* [Exercise] Begin your copy at the line with "Icebreaker Multisport Cushion" in the records below and end it at the line with "Corporate Business Card Template", restating each line word for word; omit the pictures.
===== Material for this exercise =====
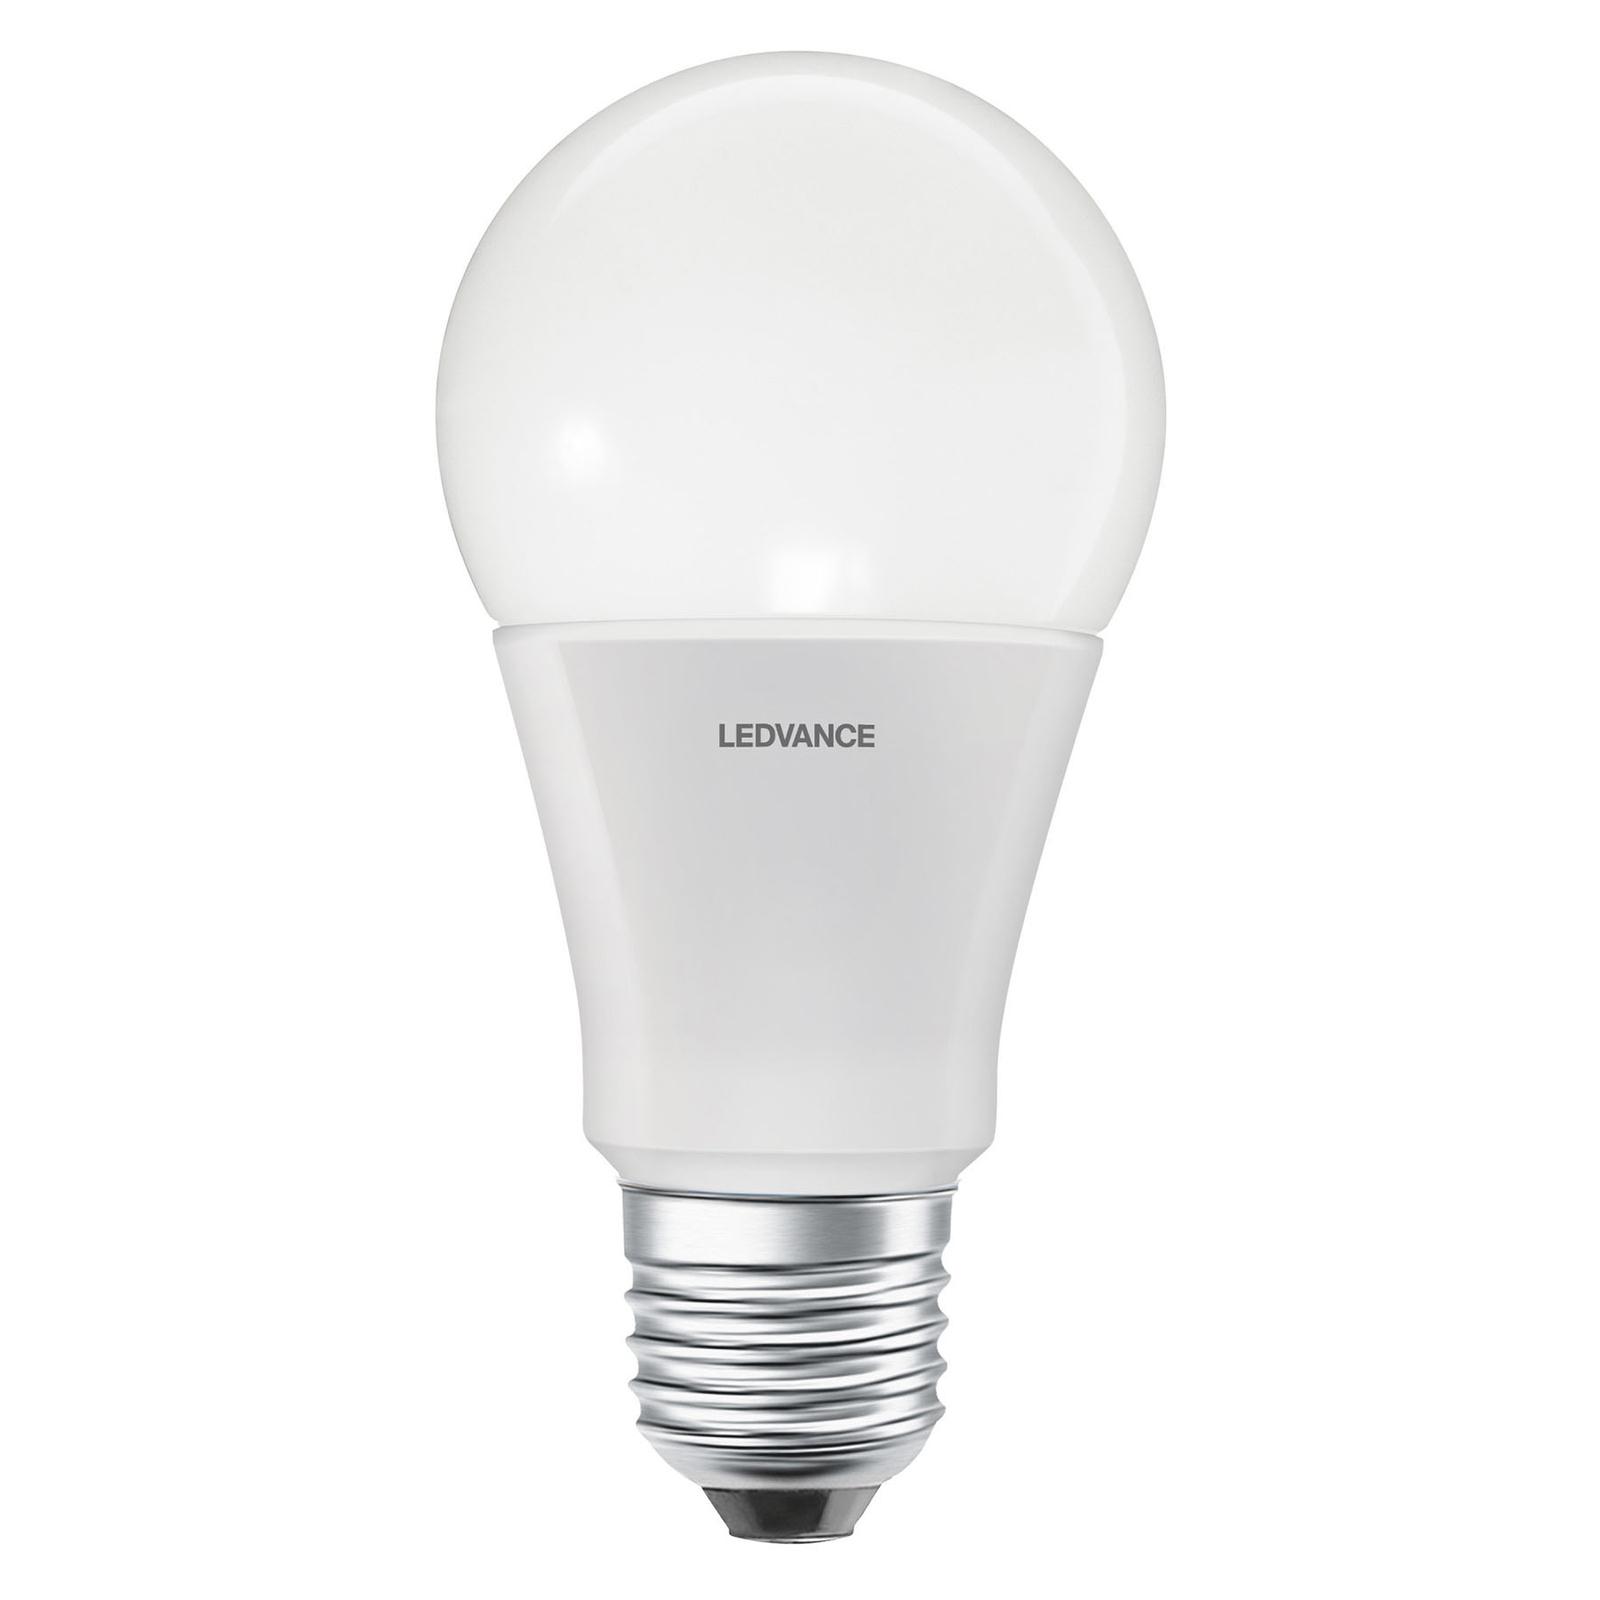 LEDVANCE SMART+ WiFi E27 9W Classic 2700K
=====
===== Material for this exercise =====
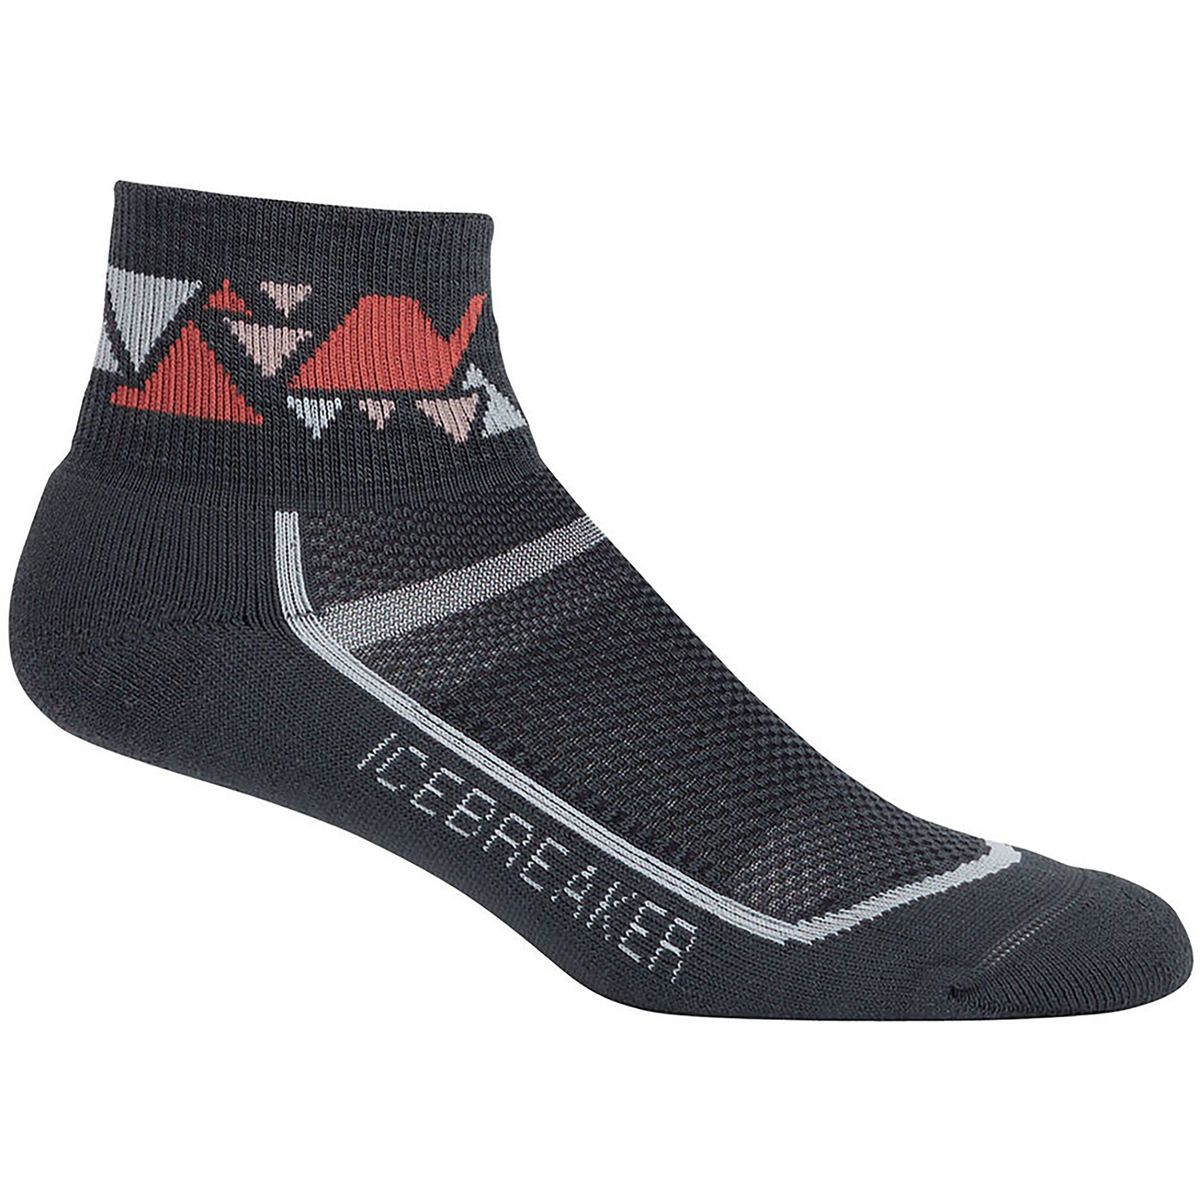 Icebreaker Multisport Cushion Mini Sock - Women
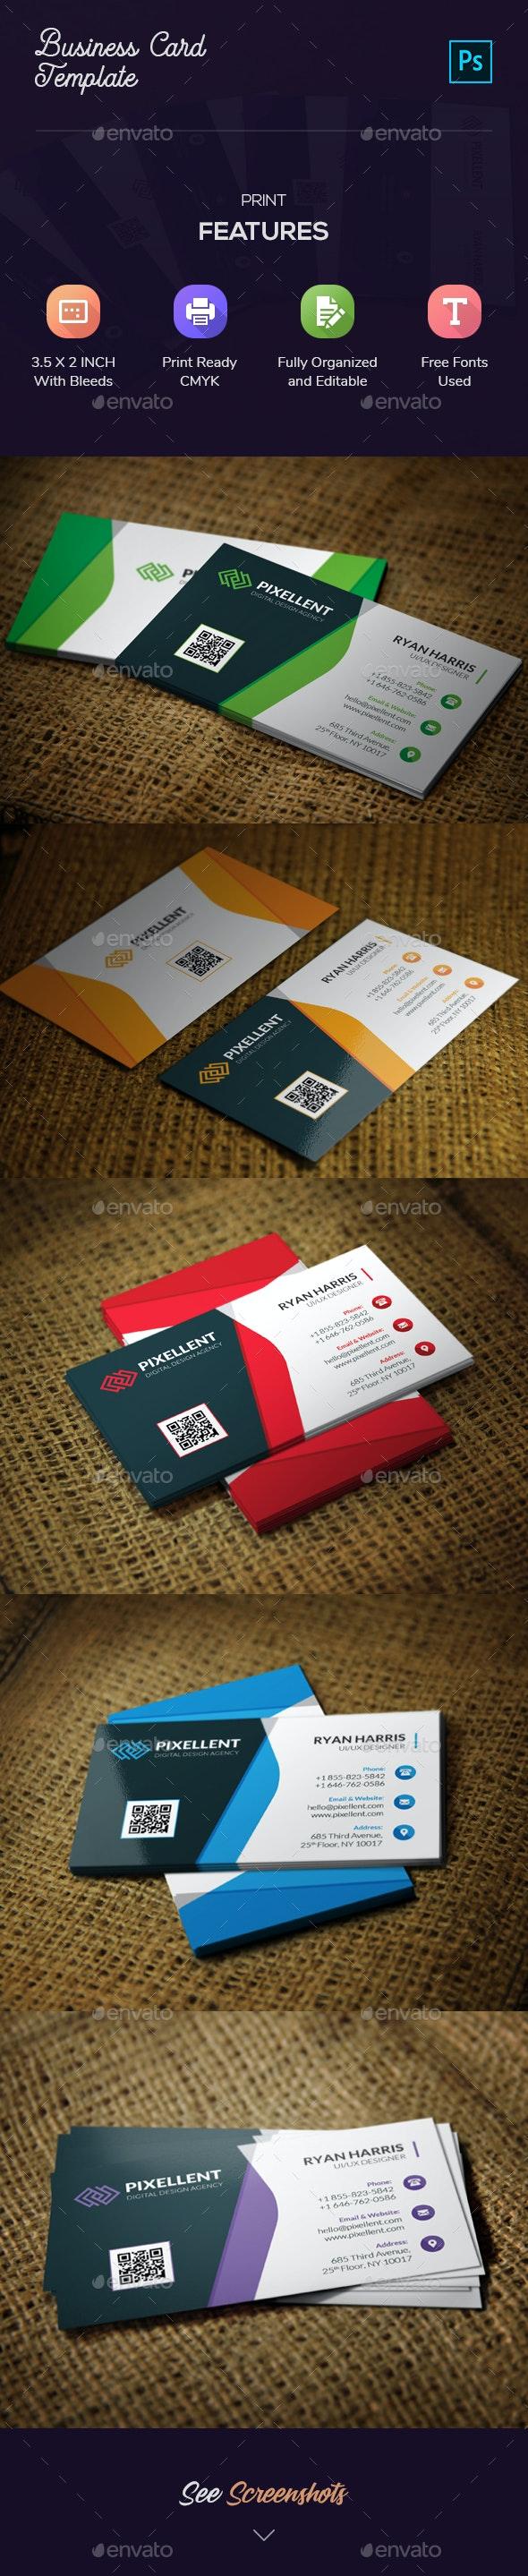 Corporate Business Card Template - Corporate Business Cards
=====
===== Material for this exercise =====
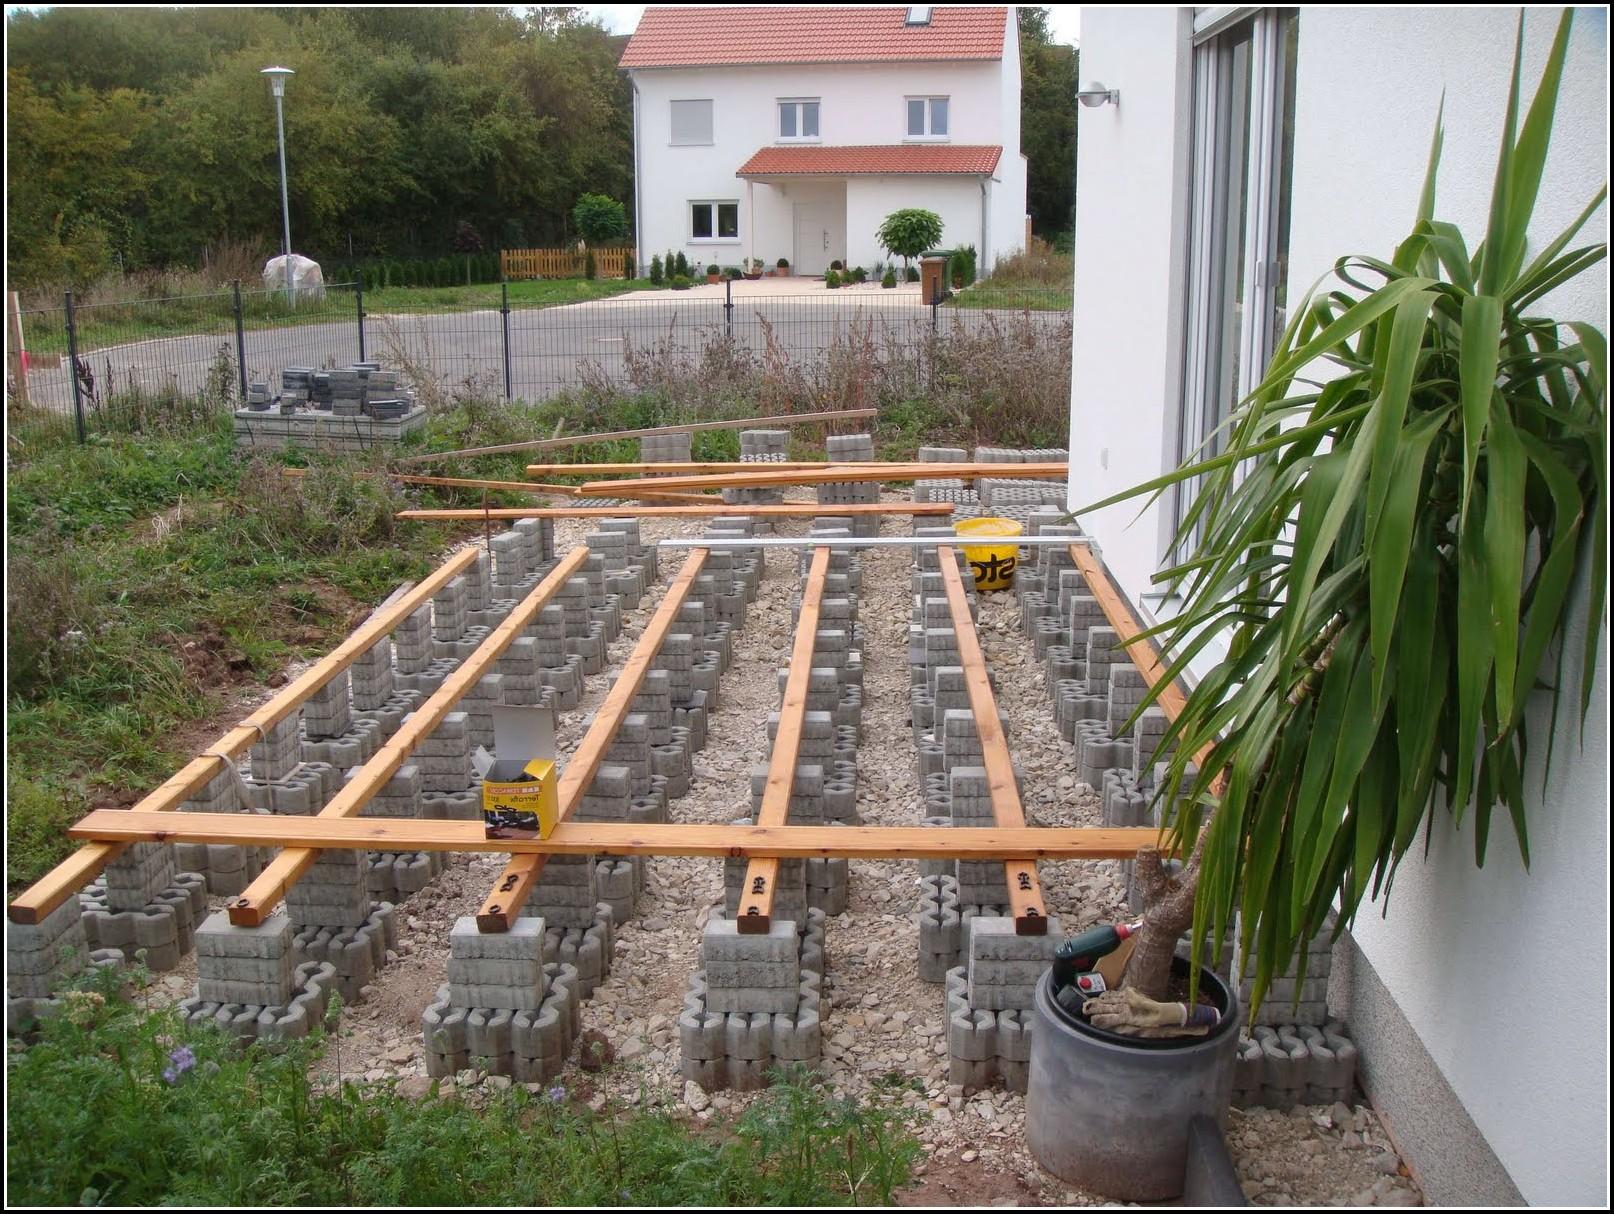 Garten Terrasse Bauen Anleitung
=====
* [Response for this exercise]
 Icebreaker Multisport Cushion Mini Sock - Women
 Corporate Business Card Template - Corporate Business Cards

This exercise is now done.